The semantic web tech has on one hand SPARQL and on the other hand various visualization things such as faceted browsers like Longwell, Facet, and others.

But these sides do not meet very well, because SPARQL does not support aggregation and grouping, which is the very basic idea of faceted browsing.

So we have looked at possible solutions. The first and most obvious is to add SQL style aggregation to SPARQL. We do this already since one can embed SPARQL into SQL but a SPARQL-only syntax for this would be nice, so as to avoid the need for a SQL client login and so as to use the SPARQL protocol.

The first part of the solution is to allow aggregates in a SPARQL select. The aggregates are directly inherited from SQL, meaning count, min, max, sum, avg, with an optional distinct modifier. All terms of a select that are not aggregates are considered grouping columns, so one gets an implicit group by when combining variables and aggregates in a single select.

This is straightforward and is already a big improvement. But for very large result sets in a browsing situation, we can do something better.

Let's think about DBpedia as an example. We have data about people — things like names, birth/death dates, birthplaces, text descriptions. Some drill-down could be supported with a traditional OLAP cube. But in the semantic web situation, the number of dimensions can be high and the dimensions will usually be sparse. Besides, the number of dimensions is liable to change. Precomputed indices of everything are not the best choice here even though for well-defined analytics they are fine.

For an overview of the data, we can precompute some things. For example, the set of distinct graphs and their respective triple counts, also for each graph/predicate combination. These do not have to be absolutely up-to-date, and provide a quick first level of directory. Also, the count of instances of all classes is a candidate for precomputing. Same with count of triples grouped by class of S, graph.

Once we start talking about specific Ss or non-class Os, it should be either possible to count the triples or count them up to a maximum. A count aggregate function that stops the query when the count reaches a certain maxc might be useful. This would give small counts with precision but for larger cardinalities it would simply say that it is more than a given limit. In some cases this can be extrapolated to an actual count with fair precision but not always.

The more factors are given, the faster it is to count. For example, if we have a query that looks for an S with P1 = O1 and P2 = O2, this is a merge intersection which is very quick, especially if the intersection is a small fraction of the number of rows.

We can also look at the use of full text conditions with browsing. This makes precomputed counts pretty much useless once there is a text condition in the mix since a text condition is not something that can be mapped on a dimension of a cube. In this situation, it would seem appropriate to count to a certain maximum and then stop. Finding the first few matches with an AND of text and equalities on RDF graph objects or subjects is always quick. Depending on the case, one may even scale the count upwards to an estimate by looking at how far one got on the outermost loop of the joins before reaching the count ceiling. There is a little more to this since all joins are not nested loops but this is the general idea.
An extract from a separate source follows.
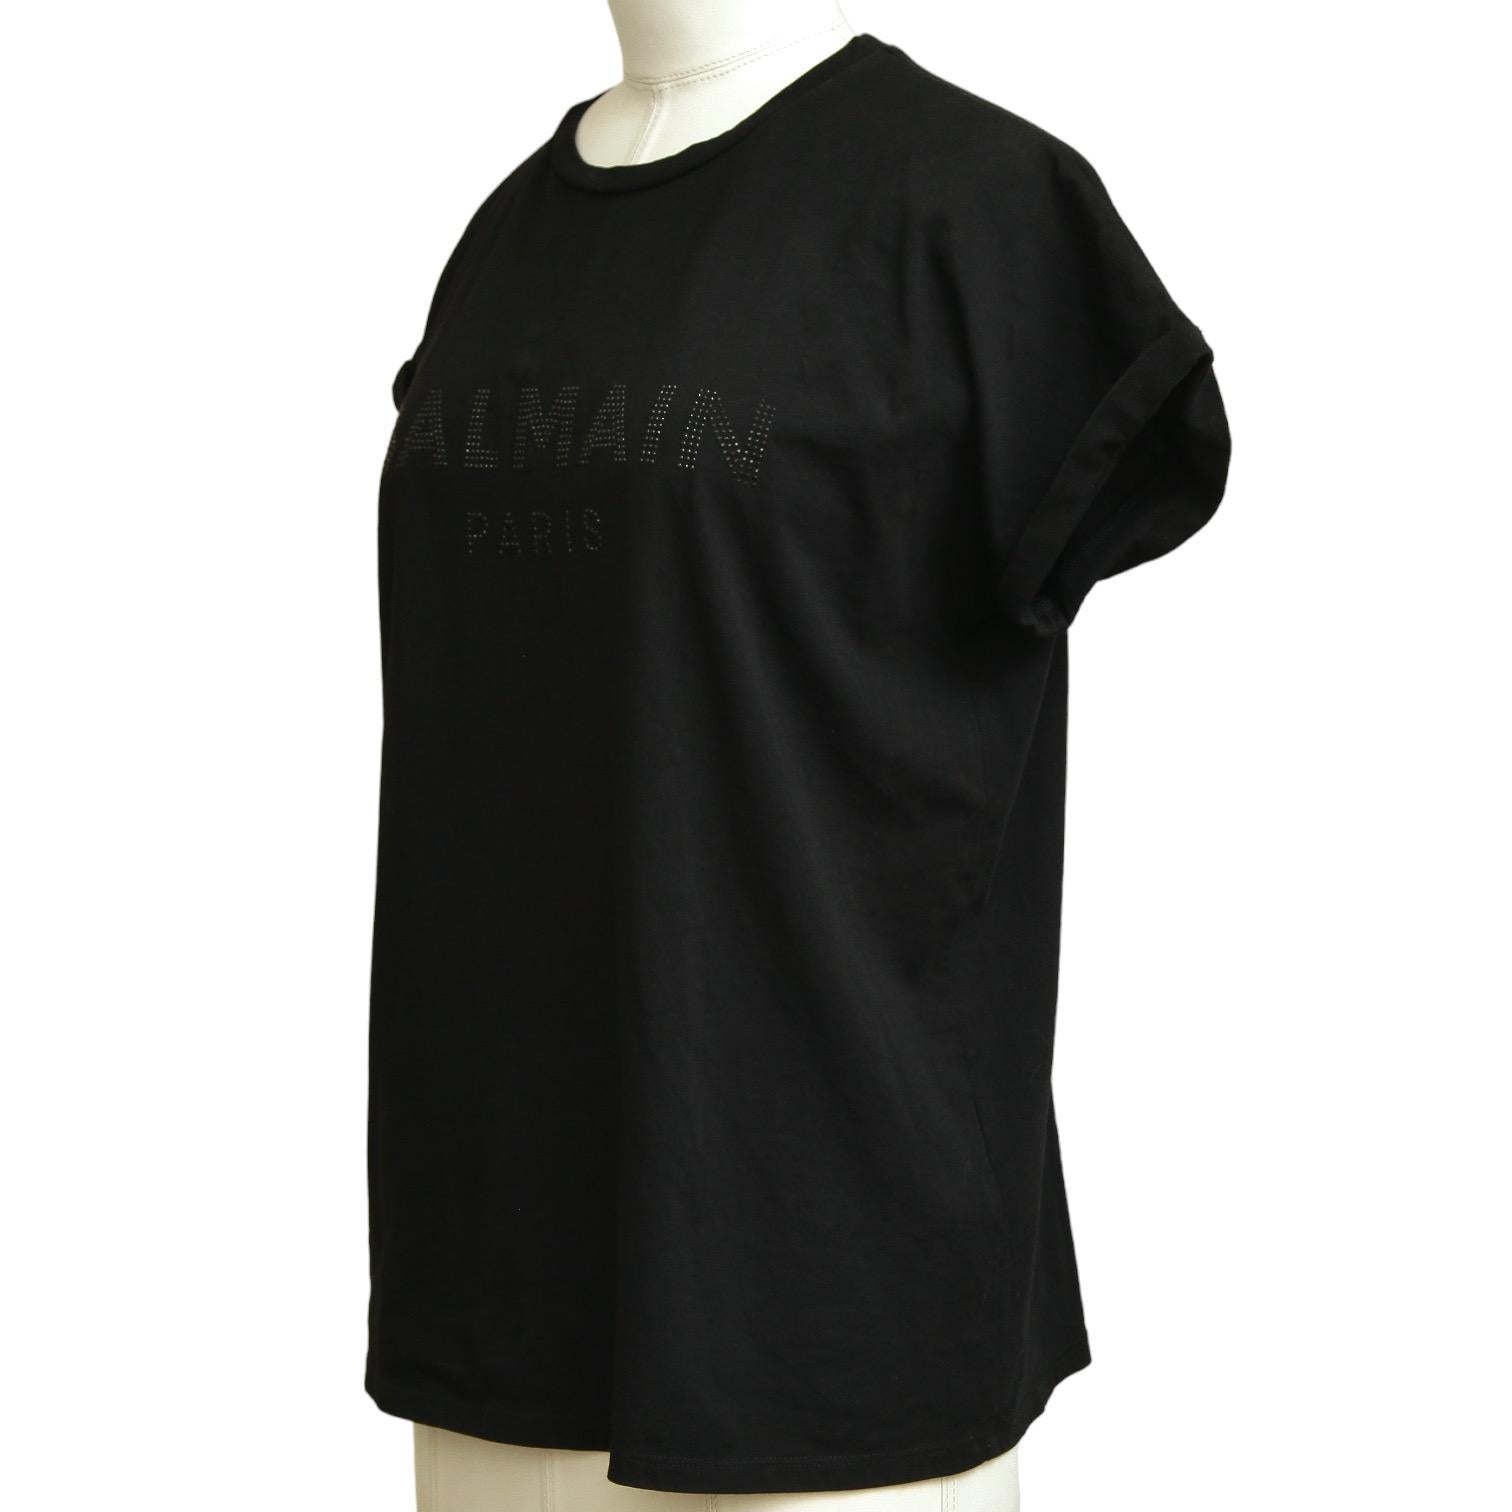 BALMAIN PARIS Black T-Shirt Top Embellishment Cap Sleeve Crew Neck Cotton XS In Good Condition For Sale In Hollywood, FL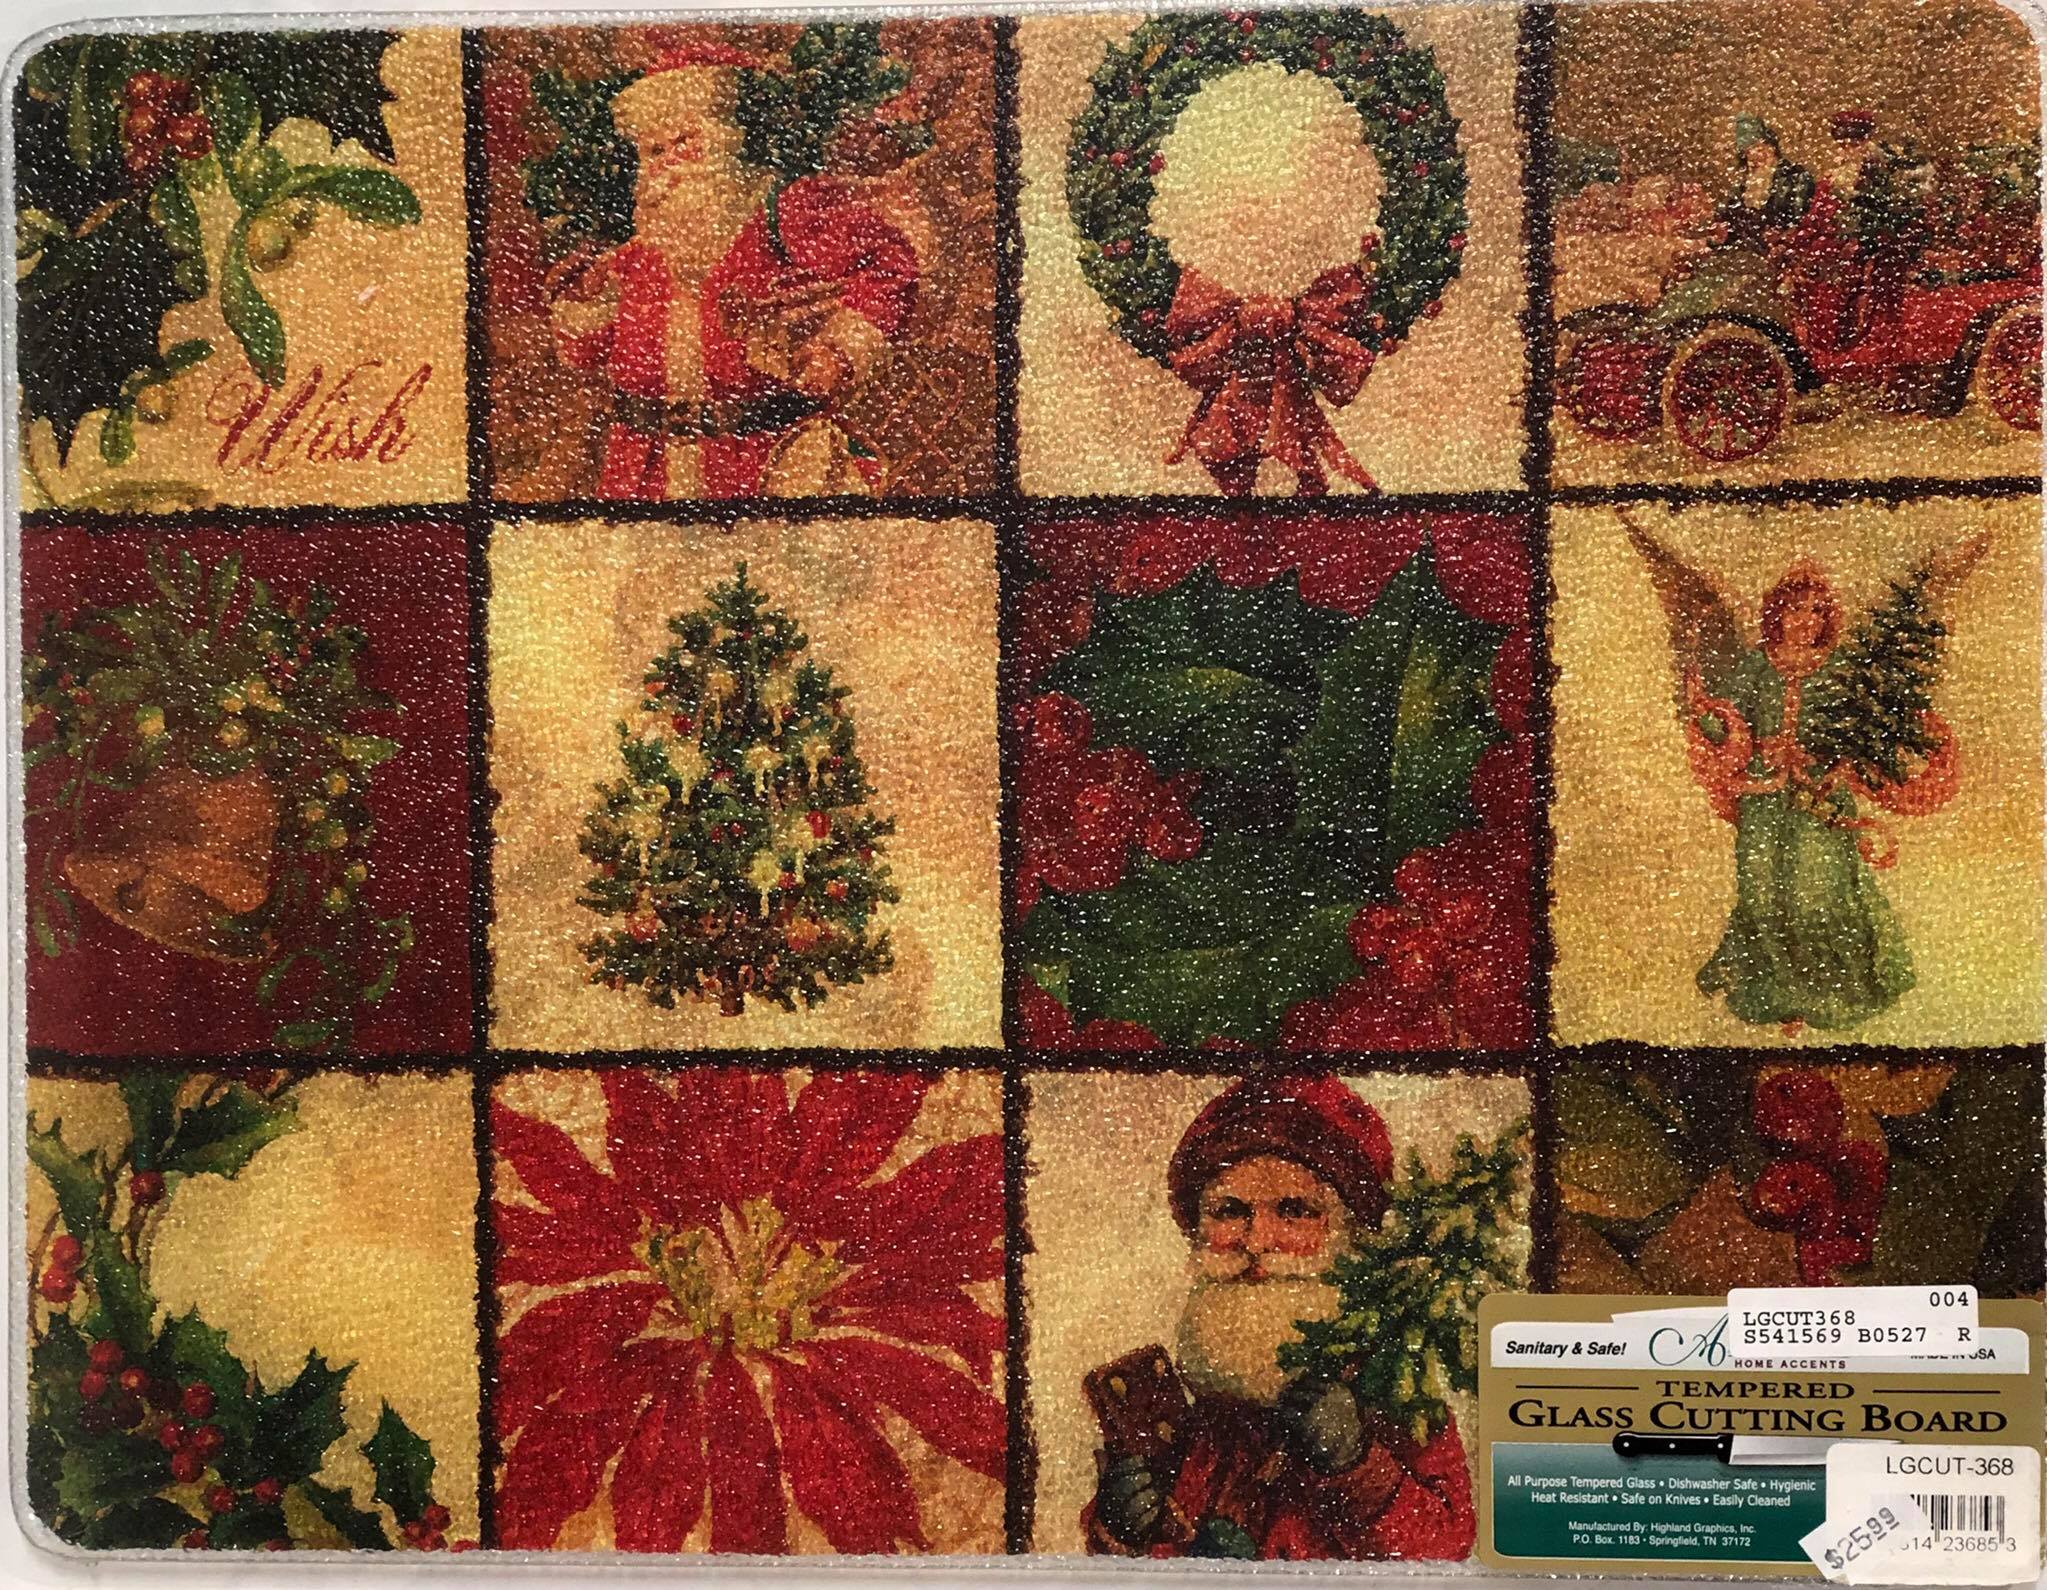 Tempered glass cutting board -Christmas squares

Relational DBMS often use random sampling of tables for optimization statistics. With RDF, this does not seem to work so well. Or rather, the usual types of stats are quite useless if all triples are in the same table. This is why we take actual samples at optimize time whenever leading key parts have literal values. Further, we take a small random sample of all triples and remember the distinct P and G values, as these are of low cardinality with highly uneven distribution. This gives us a fairly reliable idea of the relative frequencies of the more common Gs and Ps. This is good for query optimization but not necessarily for browsing. Good enough for sorting by frequency but not quite good enough for showing counts.

Anyway, we will start by introducing the basic SQL aggregates and then add a thing for limiting how much gets counted. This will be precise for small counts and give an order of magnitude for larger counts.